Don’t count the cash market out quite yet. Despite the previous day’s 9-cent drop by April futures and warming trends returning spring temperatures to much of the South, prices were up at virtually all points Tuesday — in most cases by larger amounts than on Monday.

It seems that the generally milder weather expected in many areas following a cold weekend isn’t materializing quite as much as previously thought. Also, expectations of a storage injection being reported for last week may have become something of a self-fulfilling prophecy as buying gas to put into storage adds a little extra demand to the market.

A loss of about a nickel by the Florida citygate was the sole exception to numbers ranging from flat to up a little more than a dime everywhere else.

Although it can’t be counted on to further sustain the cash price rally of Monday and Tuesday, the screen rebound of 5.1 cents on Tuesday (see related story) will provide a modicum of support for cash trading Wednesday.

April futures continued to trade a nickel or so higher than Henry Hub for the second straight day Tuesday.

Heating load remains higher than previously expected as lows in the 20s and 30s will persist through Wednesday in Canada, the Rockies and Midwest, while the 20s through low 40s dominate the Northeast forecast. It was snowing fairly heavily in Denver Tuesday, according to The Weather Channel, and snowfall will be fairly slow to exit both Colorado and New Mexico.

Meanwhile, temperatures will be peaking in the 70s throughout most of the South Wednesday, and while still on the cool side, the West Coast will be warming from a rare early-spring chill.

Quotes rose a few cents each at the Southern California border, PG&E citygate and Malin despite both SoCalGas and PG&E having high-linepack OFOs in effect for Wednesday (see Transportation Notes).

Southern Natural Gas provided some evidence to support several analysts’ belief that the storage report being issued Thursday will show the year’s first net build — nearly two weeks before the traditional injection season begins. Southern said that as of March 18 working gas inventory at its system’s two facilities stood at 21.5 Bcf, or 36% of total capacity of 60 Bcf. The pipeline had pegged the volume a week earlier (as of March 11) at 20.6 Bcf (34%), or 0.9 Bcf less than its most recent report.

The Kern River bulletin board gave some indication of why the Rockies market was flat to slightly higher for the most part Monday (in addition to regional low temperatures remaining in the 20s). Monday’s Intraday 2 cycle scheduled capacity at Coyote Creek Compressor Station was 1,757,956 Dth, leaving 111,913 Dth available. However, in Evening cycle nominations for Tuesday, scheduled quantities had jumped to 1,836,270 Dth, leaving only 38,730 Dth available. Similar, although somewhat smaller, volume increases occurred on those days at the Muddy Creek and Veyo compressor stations, Kern River said.
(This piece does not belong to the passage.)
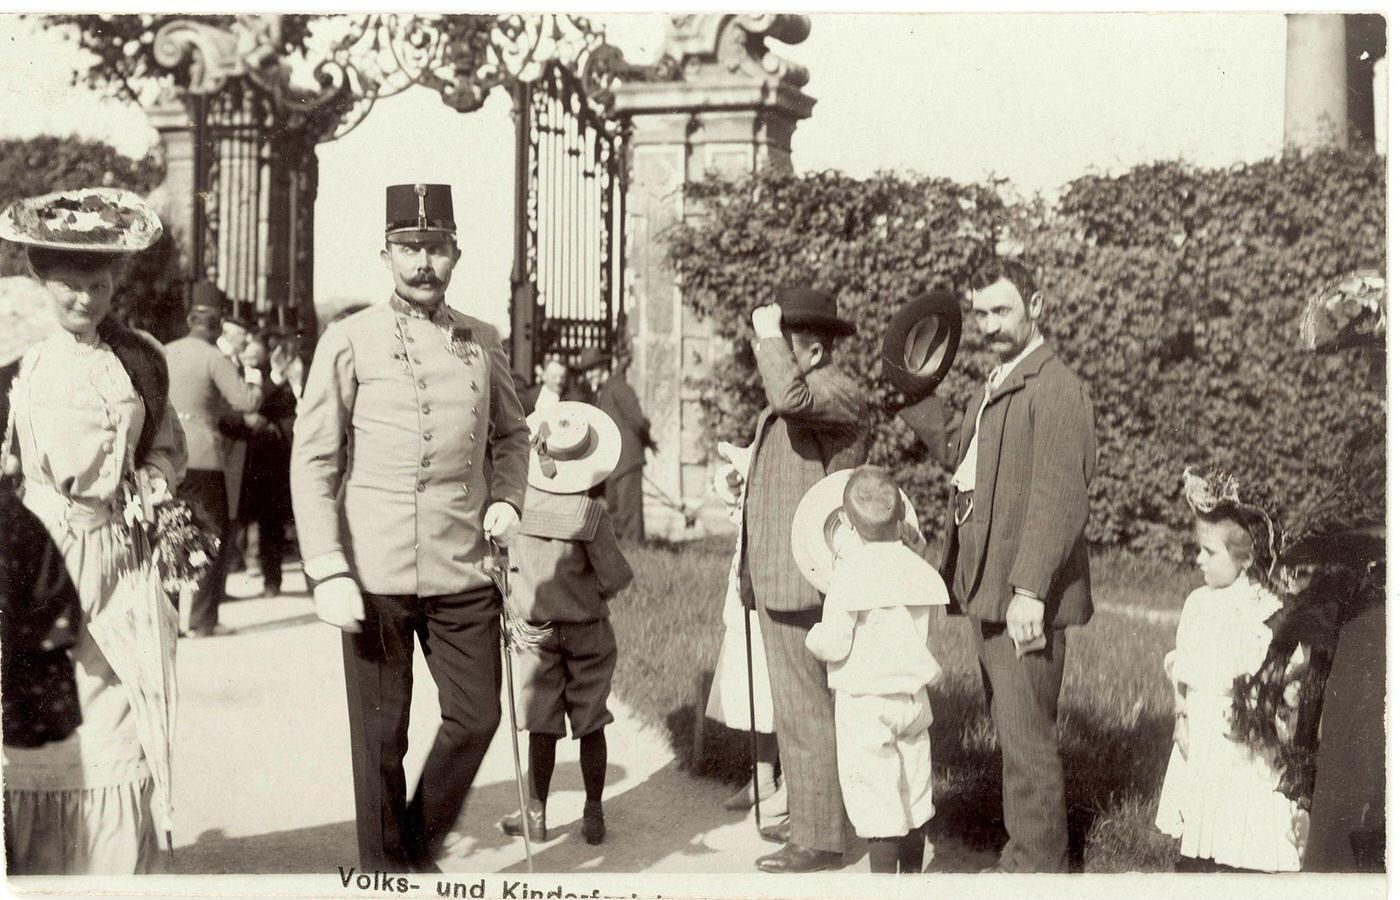 Archduke Franz Ferdinand Of Austria-Este In Belvedere, Folk and children's party, 1905

Prices into the pipe rose about another nickel Tuesday.

A Midcontinent producer noted that OGT quotes were about a dime higher than those of its neighboring Midcontinent pipes Tuesday. Sooner State weather isn’t especially cold, he said, but he thought the intrastate’s extra firmness was likely a result of low available capacity. Also, imbalance makeups may have played a part, he said, because Oklahoma weather has been a little colder lately than what some traders had anticipated. However, the forecast is for milder conditions toward the end of the week, he said.

The producer lamented that it’s been hard to trade with small companies recently “because they’re red [that is, not creditworthy] on ICE [IntercontinentalExchange].”

He reported hearing talk of Midcontinent baseload trading for April at index flat to index plus 0.25 cent, but added that there was nothing solid about it yet.

It’s still cold enough in the Upper Midwest for her company to buy spot gas each day, but not much because overall March is still a relatively moderate month, a marketer said. The most recent local snowfall was Saturday, she said, but it didn’t stick. Temperatures will stay pretty cold through Friday but should be “bouncing higher again” after that, she added.

Contrary to the old saying, Weather 2000 says March came in like a lion but also appears poised to go out like a lion rather than a lamb “as Canada flips to a polar trough.” The High Plains and Calgary area of Western Canada will continue to see relatively mild conditions as the transition from winter to spring proceeds, according to the New York City-based consulting firm, but polar air is likely to swing through the Midwest/Midcontinent area in the waning days of March. The pattern also supports further lake-effect and Northeast snowfalls, Weather 2000 said.

Stephen Smith of Stephen Smith Energy Associates is projecting a storage build of 5 Bcf for the week ending March 19, saying that is down from a previous estimate of 8 Bcf. Strategic Energy & Economic Research’s Ron Denhardt said he looks for an injection of 7 Bcf.